Whilst many Infracost CLI users connect to our hosted Cloud Pricing API (since no cloud credentials or secrets are sent to it), large enterprises that have restrictive security policies require self-hosting. Thus in July we focused on improving the self-hosting experience of the Cloud Pricing API. This is a GraphQL-based API that includes all public prices from AWS, Azure and Google; it contains over 3 million prices just now!
This is actually the third Cloud Pricing API our team has built; the complexity in cloud pricing has increased significantly in the last 10 years:
- In 2010 (as part of PlanForCloud), we developed scrapers to fetch cloud prices as vendors didn't offer APIs then. There were over 10,000 prices at the time.
- In 2015 (as part of RightScale), we developed a RESTful API. There were over 100,000 prices at the time.
- In 2021 (as part of Infracost), we developed an open source GraphQL API for use with the Infracost CLI. AS previously mentioned, it containers over 3,000,000 prices just now.
We made the following main improvements in July:
- The datastore was switched from MongoDB to PostgreSQL since all the major cloud vendors have hosted options for this. Previously some of our users ran into compatibility issues with cloud vendor's hosted MongoDB versions.
- An official Helm chart was developed; the existing Docker compose file was also updated. This will deploy the Cloud Pricing API and a weekly cronjob to to update prices. By default it will also deploy a PostgreSQL pod/container but it can also be configured to use an external PostgreSQL instance for high availability, e.g. AWS RDS or Azure Database for PostgreSQL.
- The time it takes to update prices was reduced from around 1.5 hours to 2 minutes.
The pricing DB dump is downloaded from Infracost's API as that simplifies the task of keeping prices up-to-date. We have created one job that you can run once a week to download the latest prices. This provides you with:
- Fast updates: our aim is to enable you to deploy this service in less than 15mins. Some cloud vendors paginate API calls to 100 resources at a time, and making too many requests result in errors; fetching prices directly from them takes more than an hour.

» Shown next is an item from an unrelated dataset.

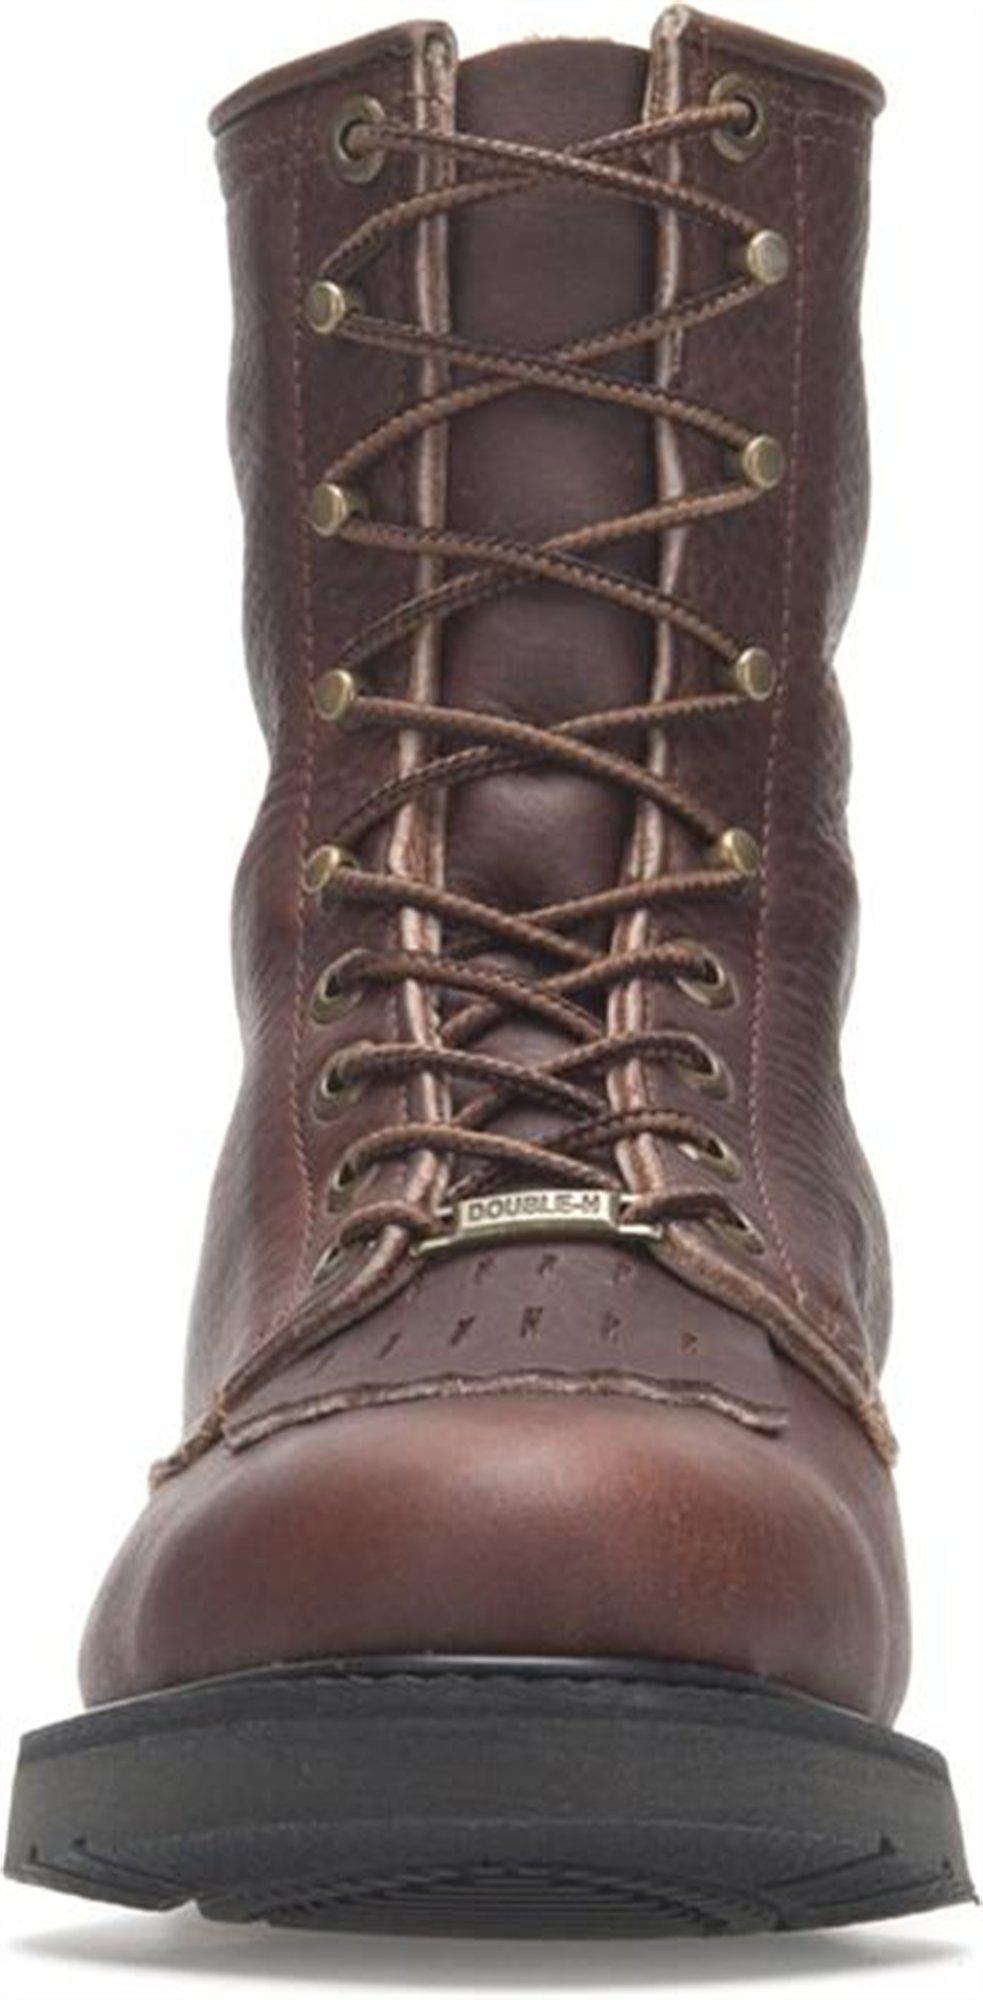 Double H Boot 8 Inch Work Lacer in

- Complete updates: we run integration tests to ensure that the CLI is using the correct prices. In the past, there have been cases when cloud vendors have tweaked their pricing API data that caused direct downloads to fail. With this method, we check the pricing data passes our integration tests before publishing them, and everyone automatically gets the entire up-to-date data. The aim is reduce the risk of failed or partial updates.